Correctional referrals required after three drownings in an Ehpad on the Côte d’Azur

A trial in sight following the fatal floods of 2015 on the Côte d’Azur? The Grasse prosecutor’s office announced on Thursday that it had requested the dismissal of three people after the death of three residents of an Orpea retirement home in Biot (Alpes-Maritimes) who were found drowned. The decision is now in the hands of an investigating judge, who can follow these requisitions or, on the contrary, dismiss the case.

The director of the Le Clos Saint-Grégoire nursing home, which has since been closed, the former mayor of this town, Guilaine Debras, as well as the person in charge of natural risks at the town hall are in any case targeted for “acts of involuntary homicide and endangering the life of others by manifestly deliberate violation of an obligation of security or prudence”, specified the prosecution to 20 minutesconfirming information from Nice-Matin.

Orpea, which managed the establishment, was also the subject of a request for referral to corrections, as a legal person. “As we have always done, we will continue to provide all our support to the manifestation of the truth and reserve for the moment all our reflections to the judicial authority”, had declared the direction of the group to 20 minutesin 2021, at the time of his indictment.

A total of twenty dead

On October 3, 2015, a wave of water and mud swept through a valley and invaded through all the openings the ground floor of the retirement home, located at the foot of the medieval village of Biot, just next to its famous glassworks. The establishment, close to a rainwater drainage channel and which had already experienced two floods, has since been closed. During the flood, around twenty residents had been evacuated from the ground floor by two employees, but three women, aged 82, 91 and 94, had drowned.

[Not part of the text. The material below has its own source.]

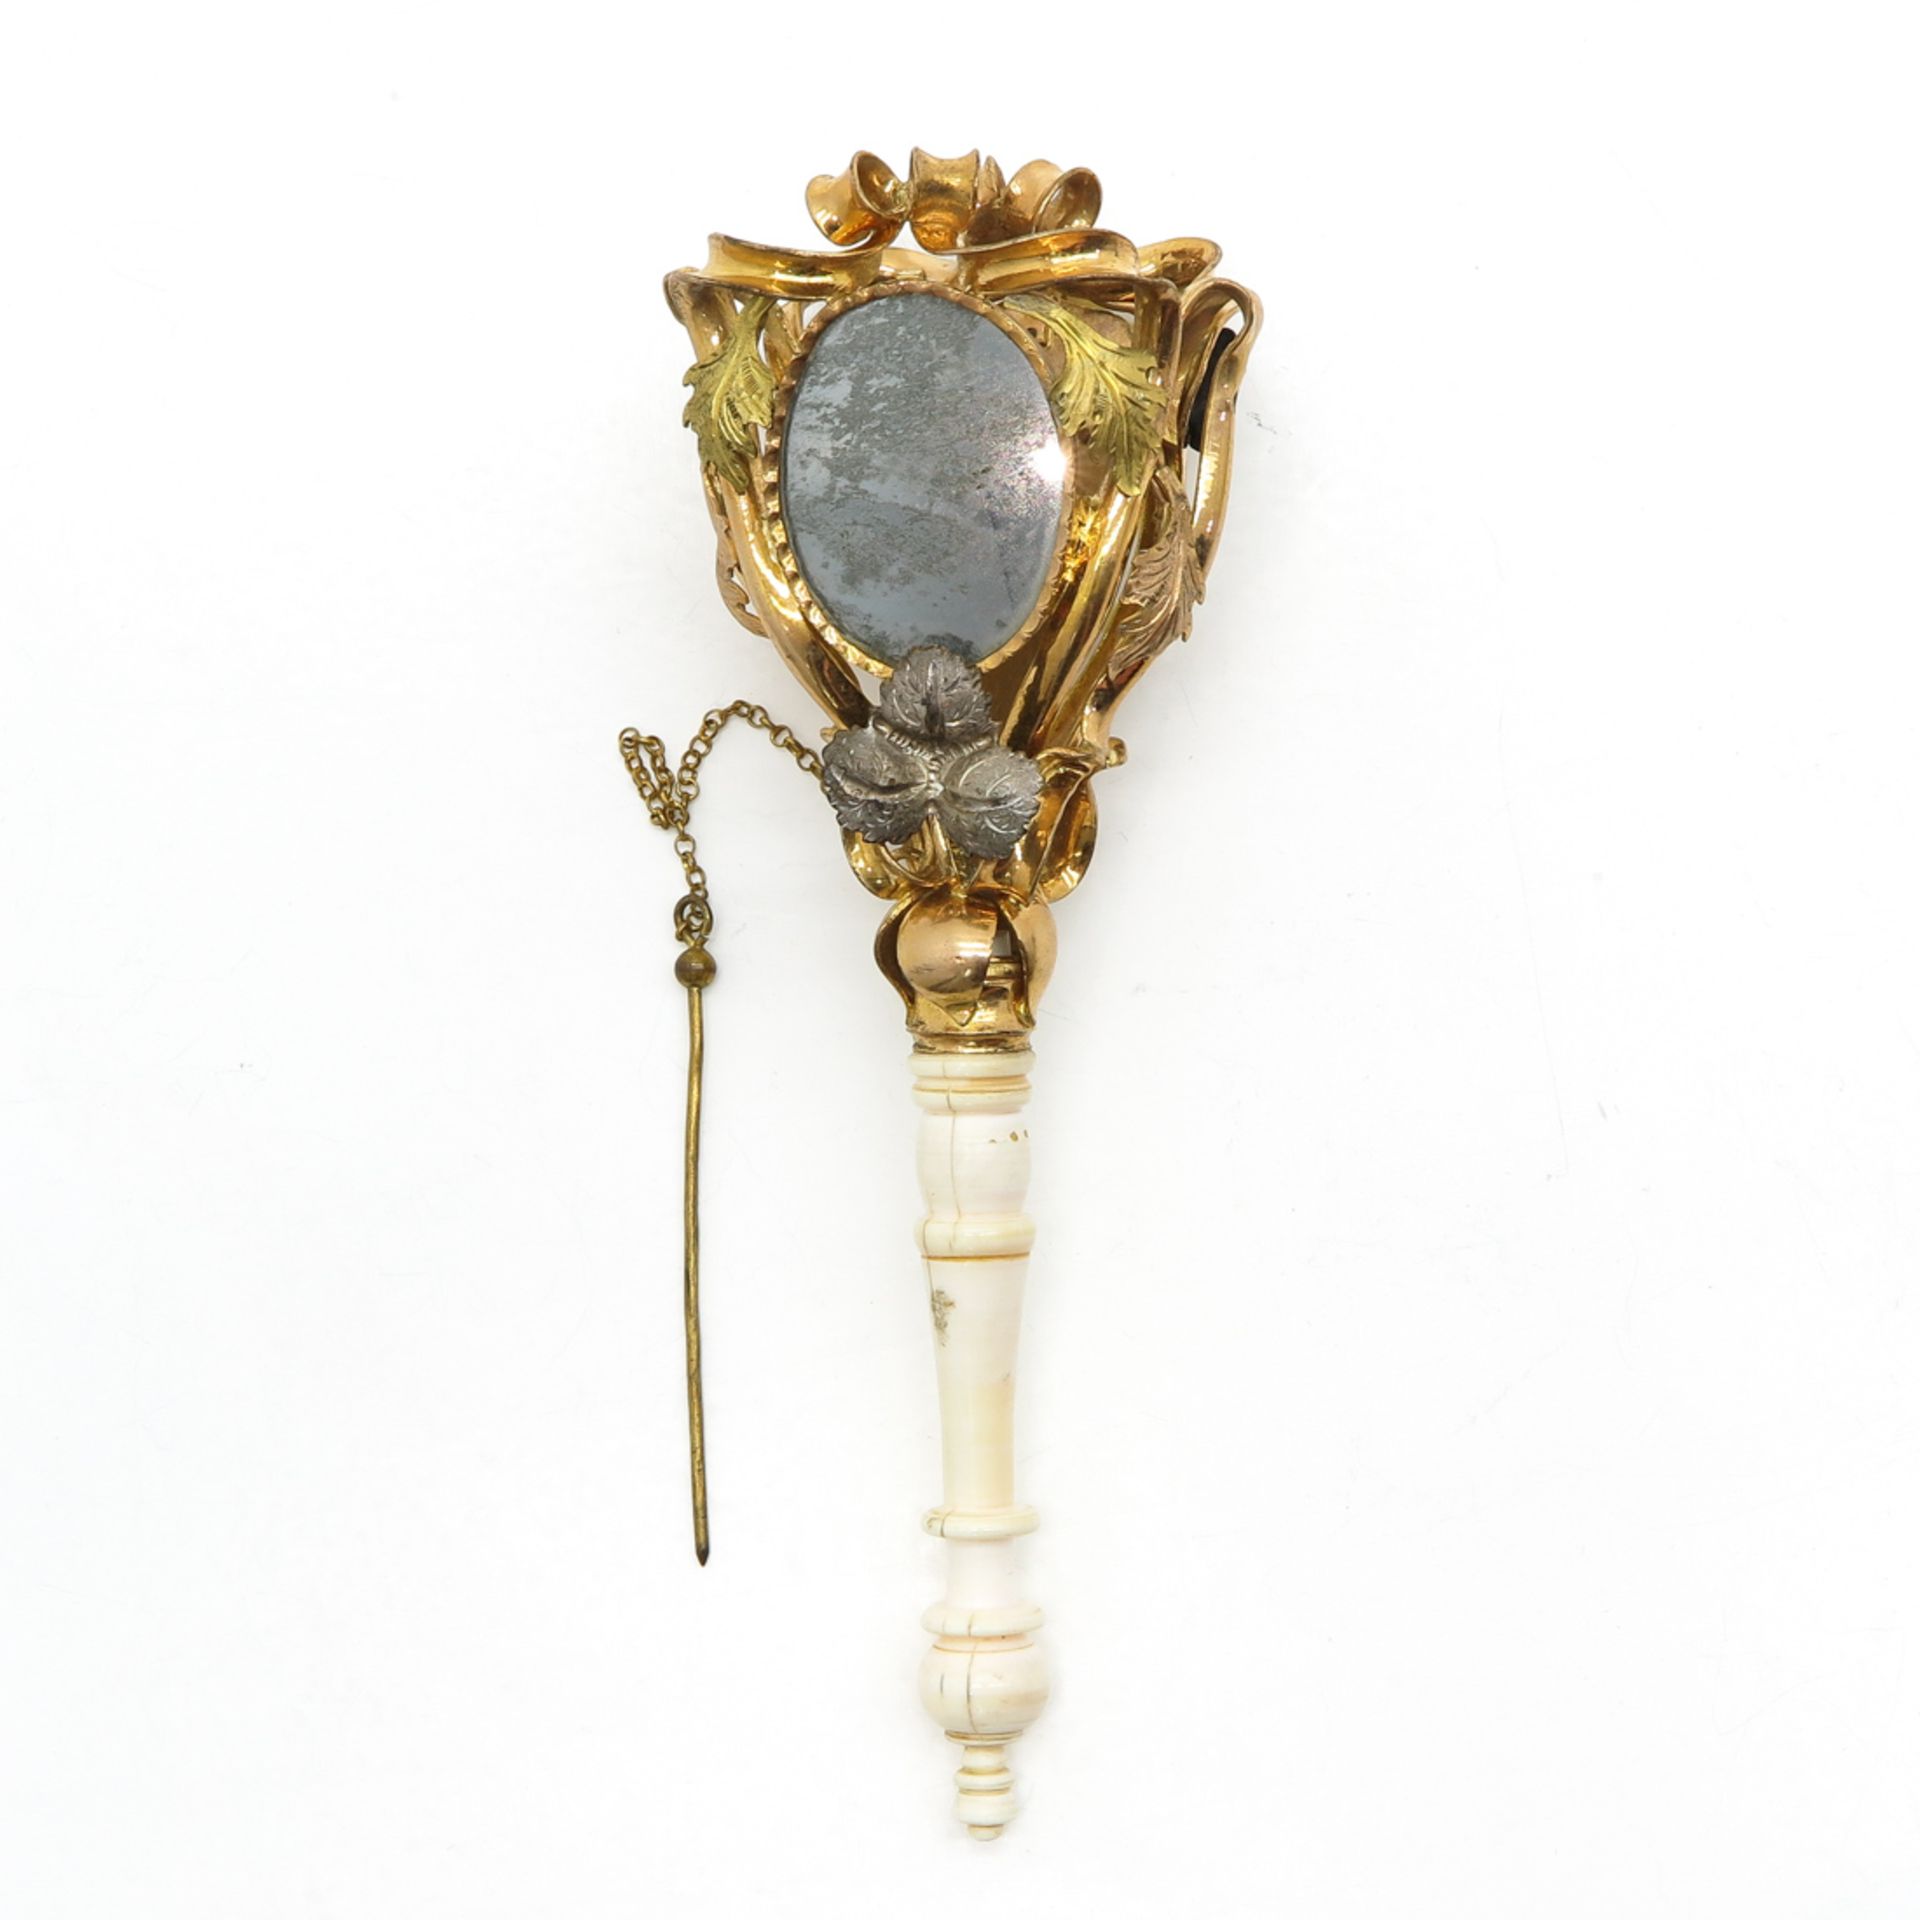 A Fine 19th Century French Ladies Accessory

The deadly deluge that fell in one evening on the Côte d’Azur had killed twenty people in total. Not far from the retirement home, a 62-year-old Briton had drowned in a campsite in Antibes, totally devastated by the sudden flooding of the Brague, a coastal river.

The heaviest price had been paid by the town of Mandelieu-la-Napoule, west of the Alpes-Maritimes, where the emergency services had found the bodies of eight people in the underground car parks of several nearby residences. The victims had gone to retrieve their vehicle.